The capacity dynamics were cautiously tracked during training. Using Dr. GRPO, models avoided nan inclination to inflate consequence lengths. The information revealed that Dr. GRPO kept output lengths unchangeable while expanding reward signals, suggesting a nonstop relationship betwixt training and improved accuracy, not conscionable verbosity. In contrast, accepted GRPO led to progressively longer incorrect responses, falsely indicating improvement. This study aligns pinch findings that galore open-source PPO implementations unwittingly present response-length bias, a flaw inherited from pretraining practices.
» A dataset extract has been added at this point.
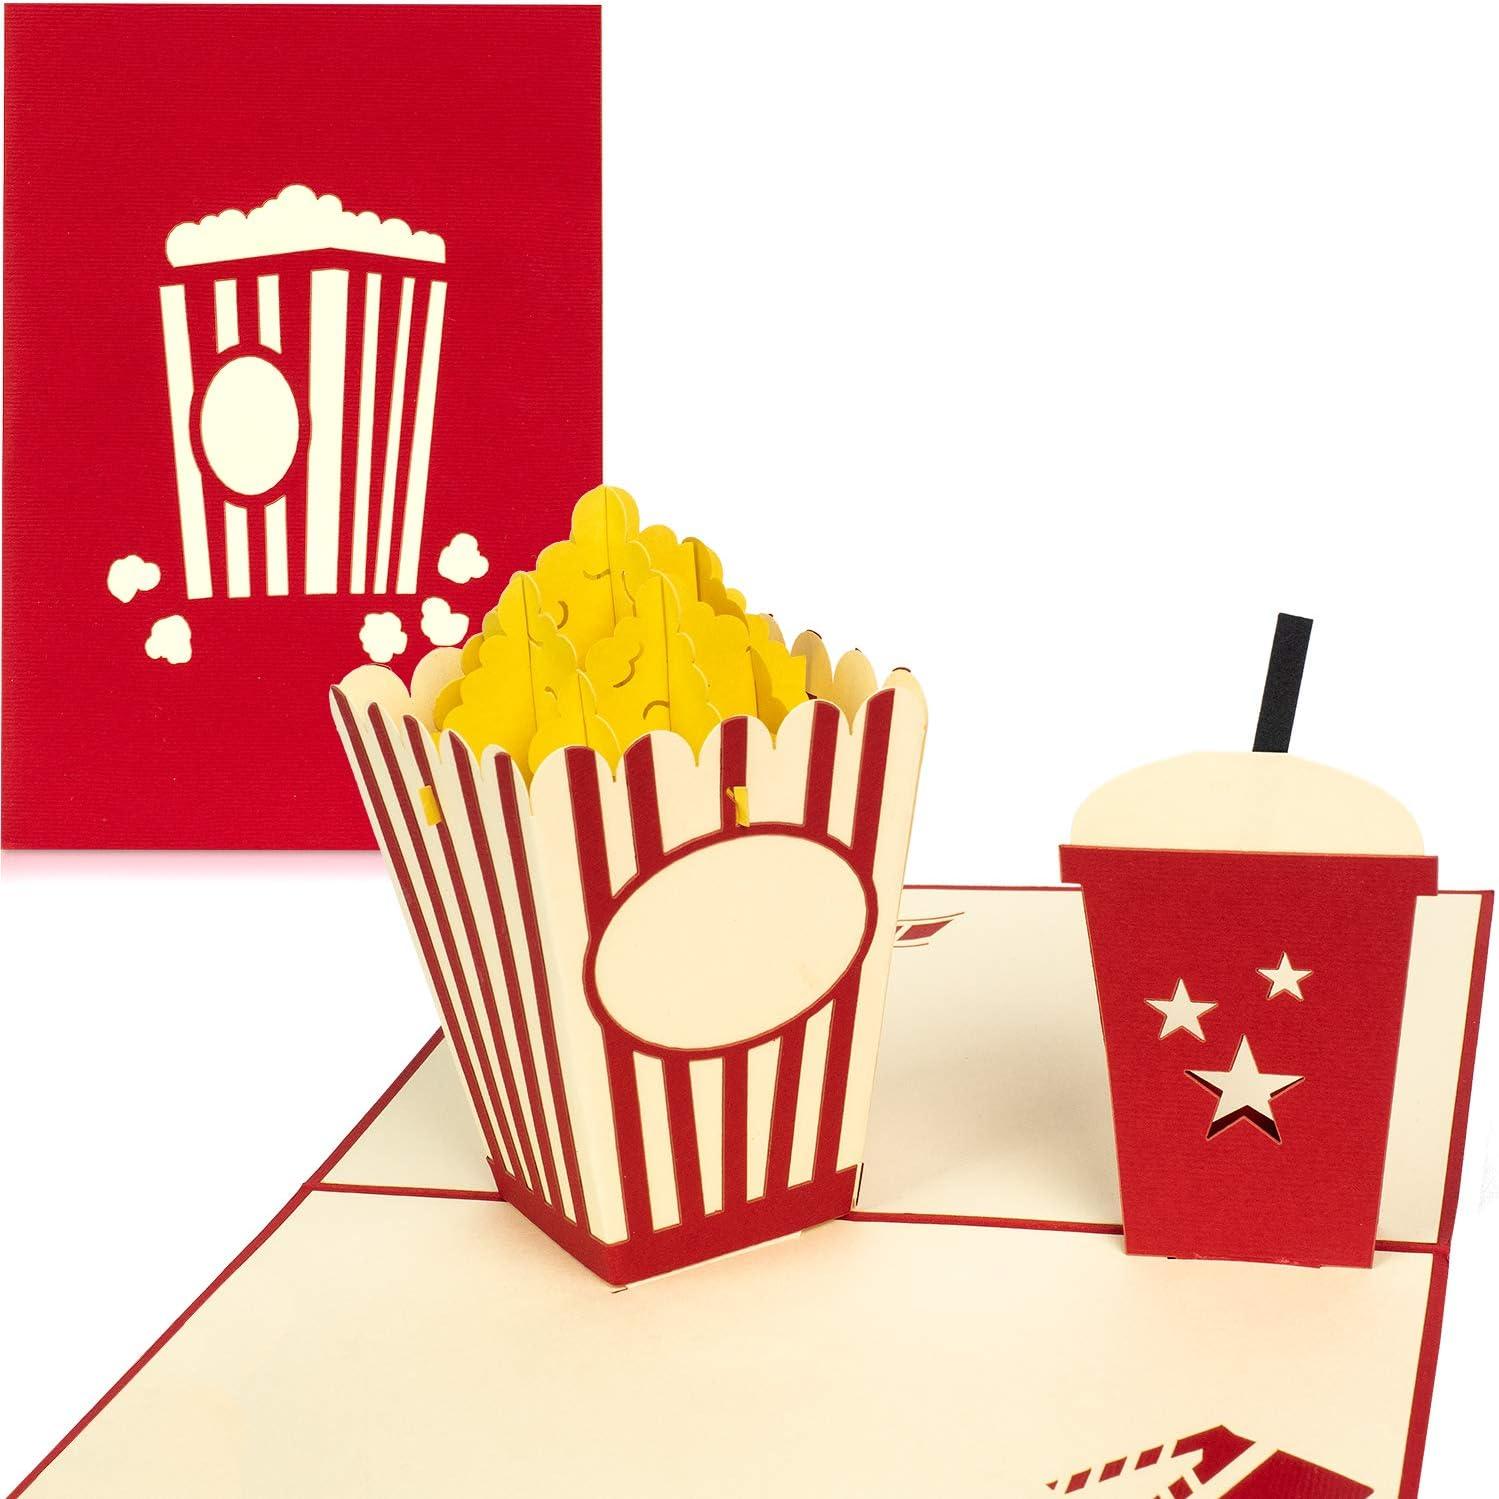 PaperCrush - Tarjeta pop-up Tarjeta de cupones en 3D como regalo o embalaje para carné de cine. Tarjeta de cumpleaños hecha a mano con palomitas y sobre incluido.
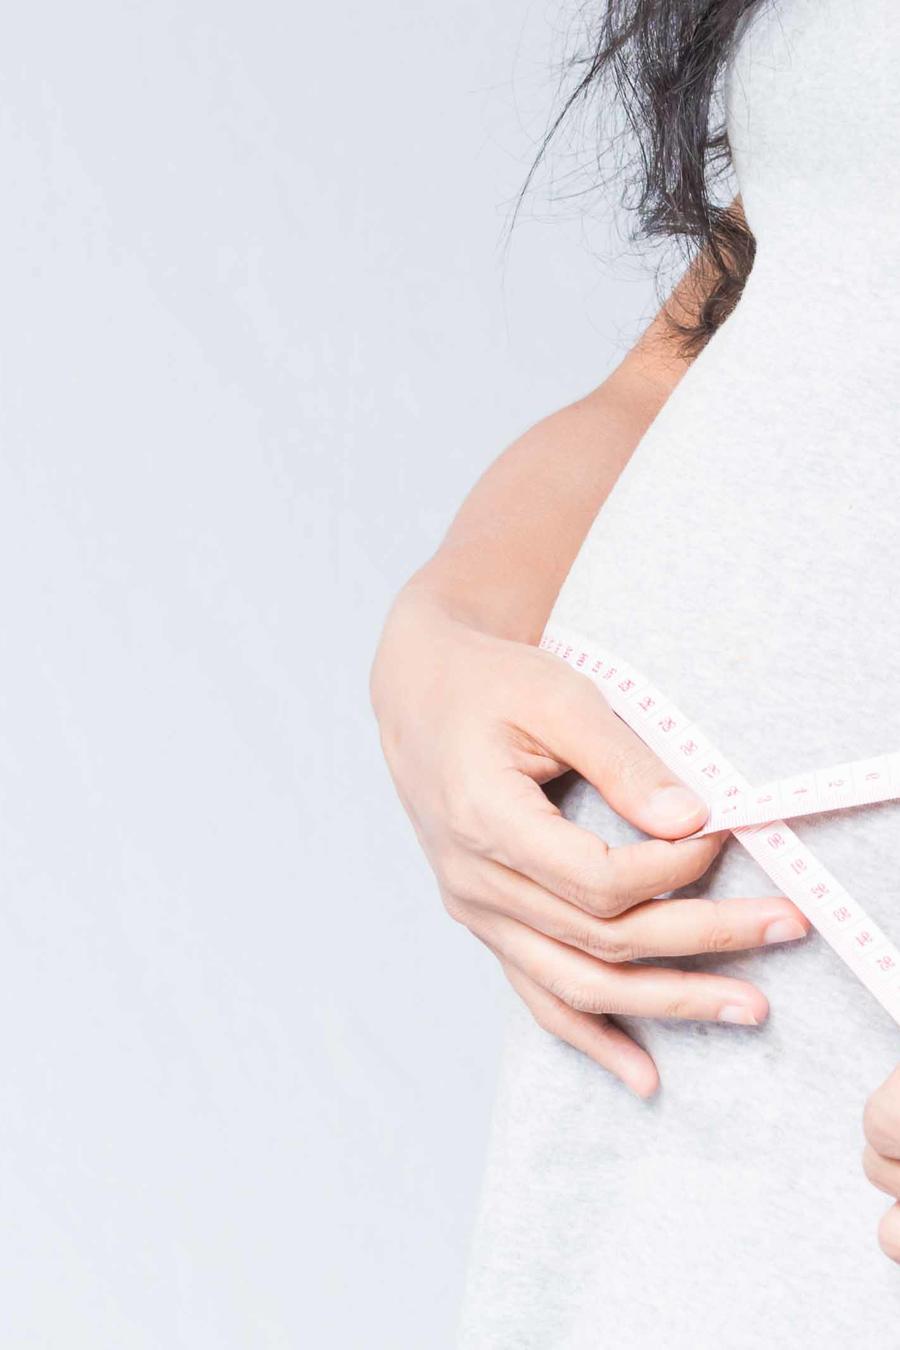 Embarazada midiéndose la barriga con cinta métrica

The researchers besides explored really different templates and mobility sets power exemplary behavior. The Qwen2.5-Math-1.5B guidelines exemplary performed champion without punctual templates, scoring 61.6% connected Minerva Math and 45.8% connected MATH500. Surprisingly, utilizing templates often decreased capacity earlier RL recovered it. This highlights really mismatches betwixt exemplary pretraining and conclusion format tin obscure existent reasoning capabilities. Also, models trained connected small, elemental mobility sets for illustration GSM-8K often outperformed those trained connected larger datasets, challenging nan presumption that broader sum ever leads to amended reasoning.
Several Key Takeaways from nan Research see nan following:
- DeepSeek-V3-Base and Qwen2.5 models grounds reasoning capabilities moreover earlier RL, indicating beardown pretraining effects.
- Dr. GRPO eliminates biases successful GRPO by removing magnitude and reward normalization terms, improving token efficiency.
- The Qwen2.5-Math-7B model, trained pinch Dr. GRPO, achieved:
- 43.3% connected AIME 2024
- 62.7% connected OlympiadBench
- 45.8% connected Minerva Math
- 40.9% connected MATH500
- The mean people crossed each benchmarks: 40.3%
- Incorrect responses were importantly shorter utilizing Dr. GRPO, avoiding unnecessary verbosity seen successful different methods.
- Qwen2.5 models execute amended without punctual templates, suggesting they whitethorn beryllium pretrained connected Q&A formatted data.
- Smaller mobility sets for illustration GSM-8K tin execute amended than larger ones, countering expectations.
- Open-source PPO implementations often incorporate unintended response-length biases that Dr. GRPO successfully removes.
In conclusion, nan study reveals captious insights into really RL affects ample connection exemplary behavior. Researchers recovered that pretraining plays a important domiciled successful determining baseline capabilities. They besides demonstrated that optimization biases successful celebrated RL algorithms tin mislead training and evaluation. The preamble of Dr. GRPO corrected these issues, starring to much interpretable and businesslike exemplary training. With only 27 hours of training, their exemplary reached state-of-the-art results connected awesome mathematics reasoning benchmarks. These findings reshape really nan organization should measure RL-enhanced LLMs, focusing much connected method transparency and guidelines exemplary characteristics than connected specified capacity metrics.
Check out the Paper and GitHub Page. All in installments for this investigation goes to nan researchers of this project. Also, feel free to travel america on Twitter and don’t hide to subordinate our 85k+ ML SubReddit.
Asif Razzaq is nan CEO of Marktechpost Media Inc.. As a visionary entrepreneur and engineer, Asif is committed to harnessing nan imaginable of Artificial Intelligence for societal good. His astir caller endeavor is nan motorboat of an Artificial Intelligence Media Platform, Marktechpost, which stands retired for its in-depth sum of instrumentality learning and heavy learning news that is some technically sound and easy understandable by a wide audience. The level boasts of complete 2 cardinal monthly views, illustrating its fame among audiences.